Quando, lo scorso 2 aprile, l’ex presidente Trump ha annunciato nuovi dazi del 34% sui prodotti cinesi, Pechino ha risposto colpo su colpo, senza mai invocare un tavolo negoziale. Un atteggiamento che riflette la fiducia di un sistema economico che si è gradualmente sganciato dalla centralità americana. Secondo l’Asian Nikkei Review, tra il 2018 e il 2024 le esportazioni cinesi verso Paesi diversi dagli Stati Uniti sono aumentate di oltre 1 trilione di dollari – il doppio del valore annuale delle esportazioni verso Washington.
Un esempio concreto arriva dal settore agroalimentare: la Cina ha ridotto sensibilmente le importazioni alimentari dagli Usa, diversificando i fornitori di soia (inclusi Brasile e altre economie emergenti) e investendo nello sviluppo di tecnologie agricole in Asia centrale. Parallelamente, Pechino ha avviato una profonda trasformazione della propria struttura industriale, con l’obiettivo di rafforzare l’autonomia tecnologica e scientifica, anche in vista di possibili embarghi su tecnologie avanzate.
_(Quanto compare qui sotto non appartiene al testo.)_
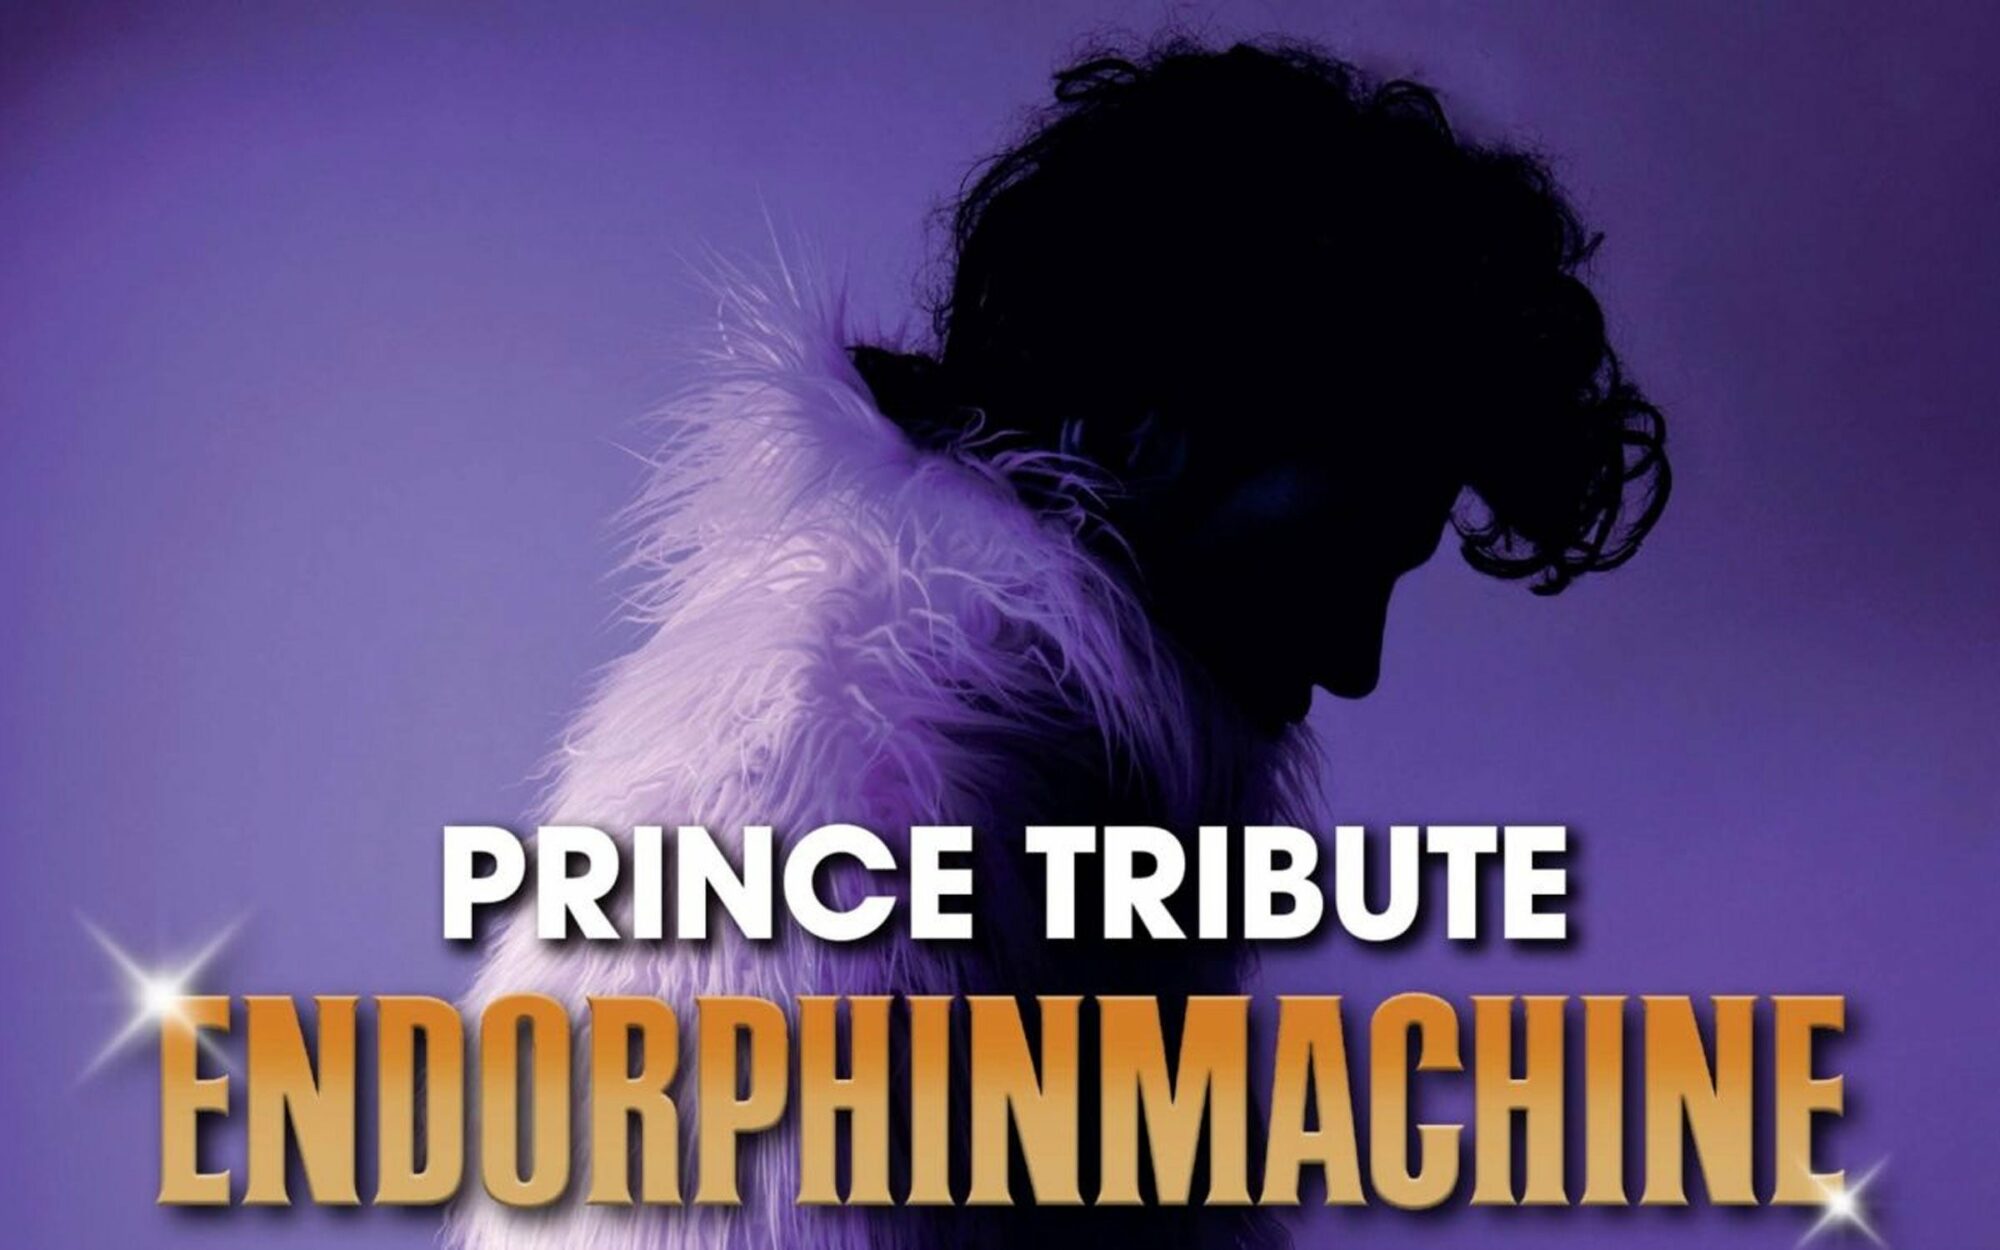 Image name Prince Tribute Endorphinmachine at O2 Academy2 Sheffield Sheffield the 27 image from the post Prince Tribute... Endorphinmachine at O2 Academy2 Sheffield, Sheffield in Yorkshire.com.

Nella lunga partita dei dazi, la Cina ha un vantaggio chiave: l’assenza di scadenze elettorali. Mentre negli Stati Uniti i cicli politici – come le elezioni di midterm previste per il 2026 – impongono pressioni costanti sull’amministrazione, Xi Jinping può agire con maggiore flessibilità. Una guerra commerciale, per quanto gravosa, diventa quindi più sostenibile sul lungo periodo per Pechino, specie se confrontata con le esigenze del mercato americano in vista della stagione dello shopping natalizio. Un altro punto di forza della Cina è il controllo pressoché totale delle terre rare, indispensabili per l’industria high-tech e militare. Oggi Pechino copre circa il 70% della produzione globale di questi materiali e ne controlla il 90% della raffinazione. Un’arma strategica silenziosa che limita i margini di manovra di Washington.
Nel frattempo, però, il peso dei dazi si fa sentire sull’industria cinese. Se computer e smartphone – i due settori principali dell’export verso gli Usa – sono esentati dalle tariffe, molte altre produzioni stanno già cercando sbocchi altrove. La delocalizzazione industriale è iniziata e con essa il rischio di instabilità occupazionale interna. Al netto delle strategie, una certezza resta: la guerra dei dazi ha un costo crescente per entrambe le superpotenze. E se Xi può contare su una pianificazione di lungo periodo, gli effetti collaterali – dalla chiusura delle piccole imprese alla disoccupazione – potrebbero indebolire anche l’equilibrio cinese.